Girl, thorn, serpent— she hung onto Hermione's ribs like rolled out cigarettes clutching onto her bones, the ashes are burning down to her belly and she can feel their love becoming an eldritch tale. Hemlock braids, lint–skinned, cupid's spitfire. It was wrong for Hermione to ever come across the wish to never have met Solaris, but she still did. She asked why, wished to be high, wanted her girl to lie and lie and lie: Solaris was an entropy, a guest room, a fucking patchwork. It's been twenty–eight hours without her cigarette smoke, her caffeine stained skin and Hermione still couldn't move. Her back was pressed against her floral duvet, her eyes were polluting the ceiling after she had stared at it for too long. The sides of her mouth were still stained with her lover's kiss and divinity: her hands and her epidermis was just a blanket of flesh to hide the memories of them that stirs beneath her flesh and bones. Hermione still couldn't move.
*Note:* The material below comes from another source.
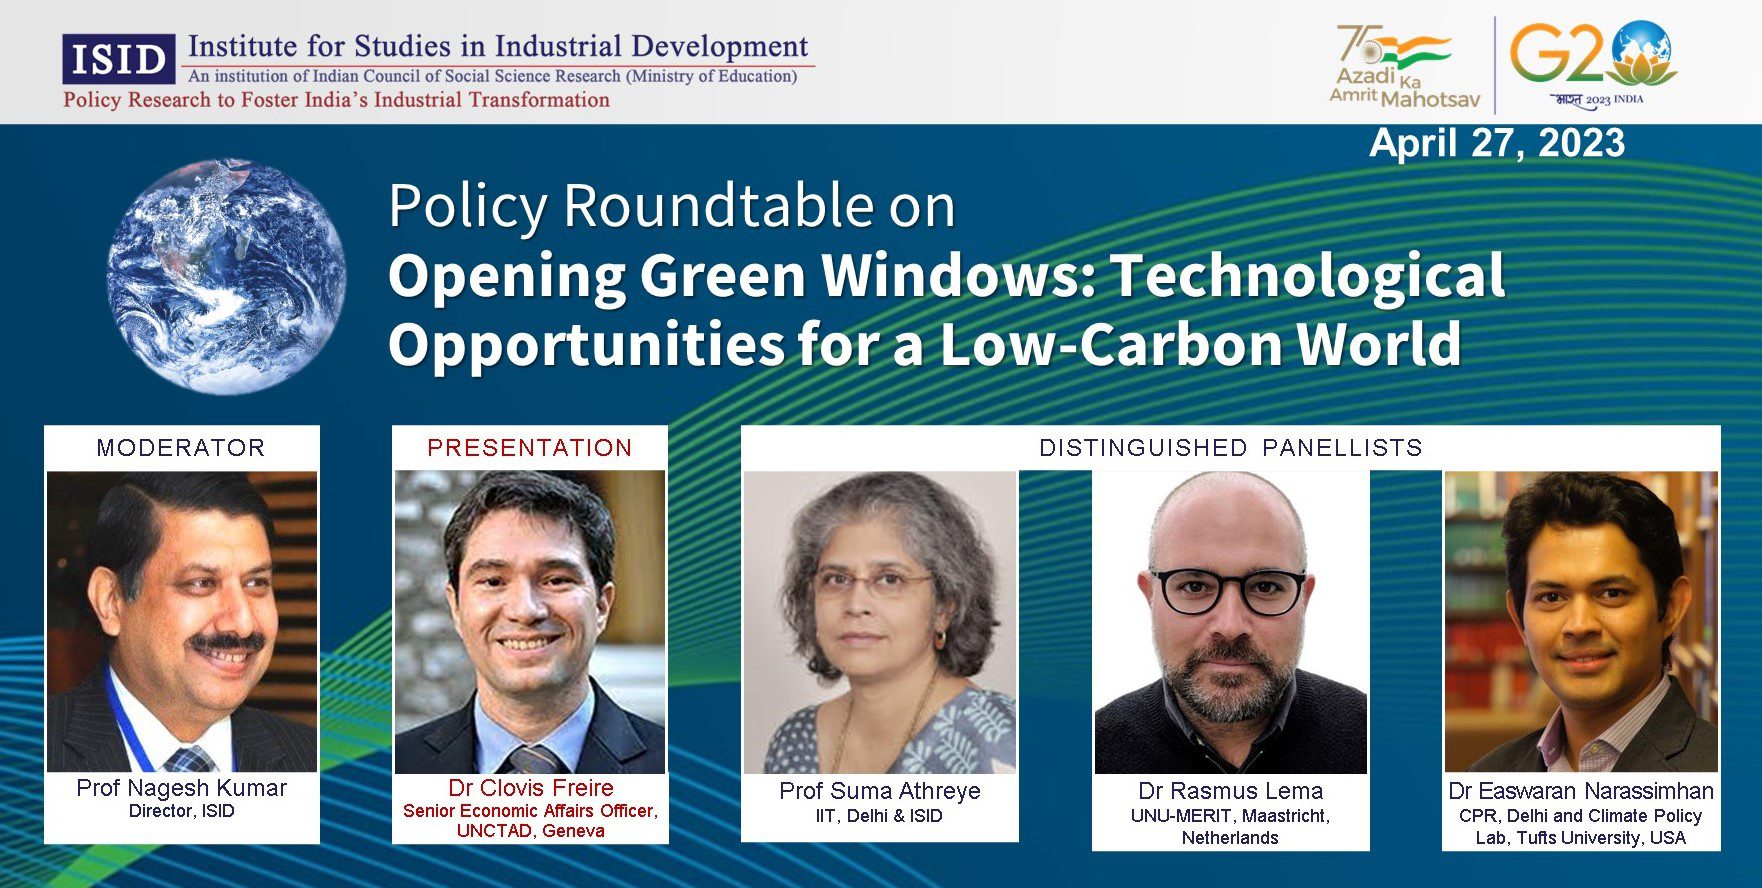 Policy Roundtable on Opening Green Windows: Technological Opportunities for a Low-Carbon World

Her demise cut her skin open, she was promised it would be quick and painless—she could feel the sin infecting her gardens and plaguing her vision, she wished to heal a land that was wisping and weeping but she felt a little lighter to know that she planted a tulip in the terra firma that was littered with the screaming ghosts that didn't let themselves be seen by her— she didn't feel like it was quick and painless. She felt the knife.

"Hermione?" His voice was soft but it felt like a shrill slicing through her ears. His knocks faltered into tinnitus.

"I'm not here."

"You are,"

(was she really)

"Let me in."

"I don't want to talk, Harry."

"'Mione, I know you don't. And that's alright, just let me in and we can get ready to go."

"Go where?"

"To her burial," Harry said slowly. "You're giving her eulogy. Remember?"

"Come in."

"It's—erm—it's locked."

"Have you forgotten we're literally in Hogwarts, Harry? Use a spell."

Alohomora.

"Hey."

Hermione hummed.

"Do you want to sit?"

"No."

"Fine," Harry sighed. He moved from the edge of her bed and laid down next to her. "Do you want to talk about it?"

"I—uh," Hermione chuckled sadly. "I just miss her. It feels. . . Strange. Like a part of me died with her."

"But does it relieve you?"

"Her death? No, Harry. Of course it doesn't fucking relieve me."

"Not her death," Harry shook his head. "The fact that she spent her last days here happy. With you. Doesn't it make you feel better to know that in her last moments she felt something she never had?"